DOI: 10.1145/3821424 ISSN: 1049-331X
When Retrieval Augmentation Meets API Documentation: Can LLMs Code with Less-Common Libraries?
Jingyi Chen, Songqiang Chen, Jialun Cao, Jiasi Shen, Shing-Chi Cheung
Retrieval-augmented generation (RAG) has increasingly shown its power in extending large language models’ (LLMs’) capability beyond their pre-trained knowledge. Existing works showed that RAG can help with software development tasks such as code generation and test generation. Yet, the effectiveness of adapting LLMs to their unfamiliar, less-common or fast-evolving library APIs using RAG remains unknown. To bridge this gap, we take an initial step to study this unexplored yet practical setting – when developers code with an unfamiliar library, they often refer to its API documentation; likewise,
when LLMs are allowed to look up API documentation of their unfamiliar libraries via RAG, to what extent can LLMs be advanced?

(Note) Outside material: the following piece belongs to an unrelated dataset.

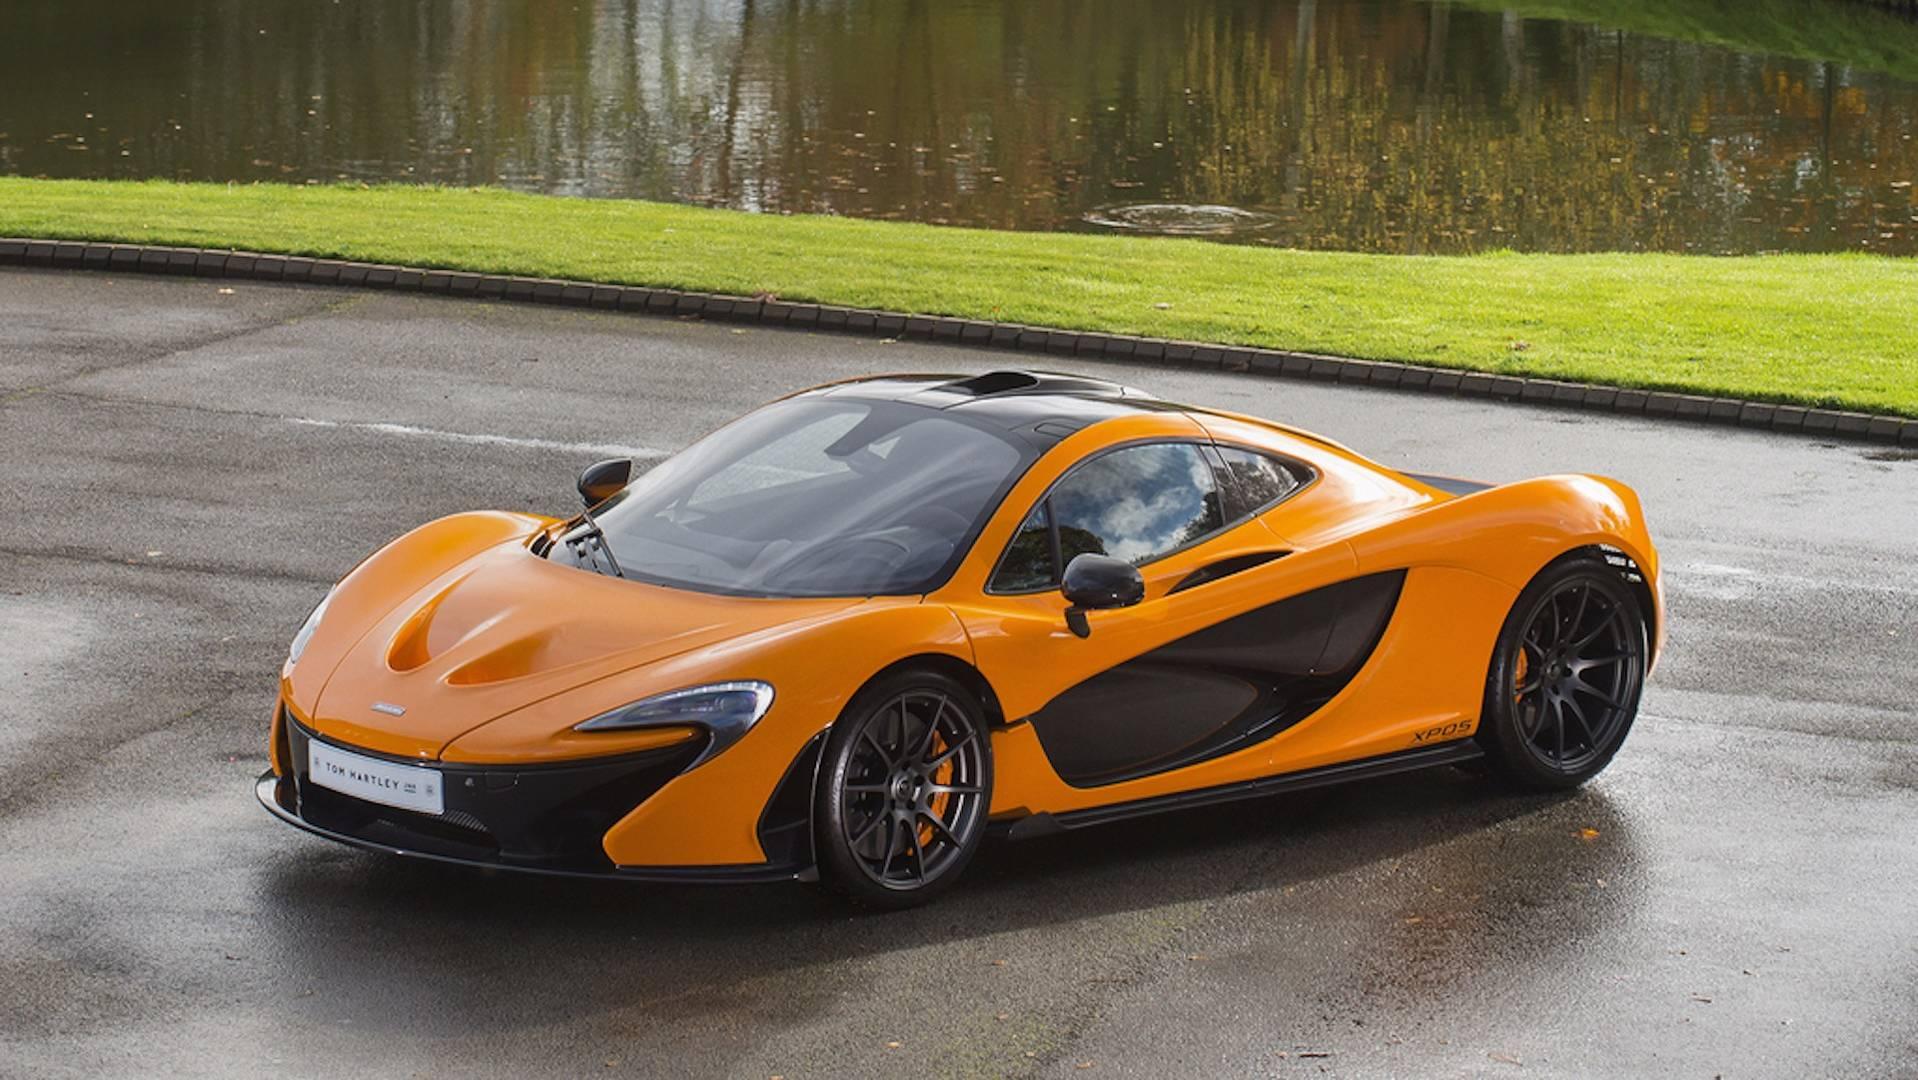 McLaren_P1_Experimental_Prototype_02

To mimic such a setting, we select four less-common open-source Python libraries with a total of 1017 eligible APIs. We study the factors that affect the effectiveness of using the documentation of less-common libraries as additional knowledge for retrieval and generation. Our study yields interesting findings: (1) RAG helps improve LLMs’ performance by 83%
\(\sim\)
220%. (2) Example code contributes the most to advancing LLMs, compared to the descriptive texts and parameter lists in the API documentation. (3) LLMs could sometimes tolerate mild noises (typos in description or incorrect parameters) by referencing their pre-trained knowledge or document context. Based on the findings, we advocate that developers pay more attention to the quality and diversity of code examples in the API documentation. The study sheds light on the future low-code software development workflows with LLMs.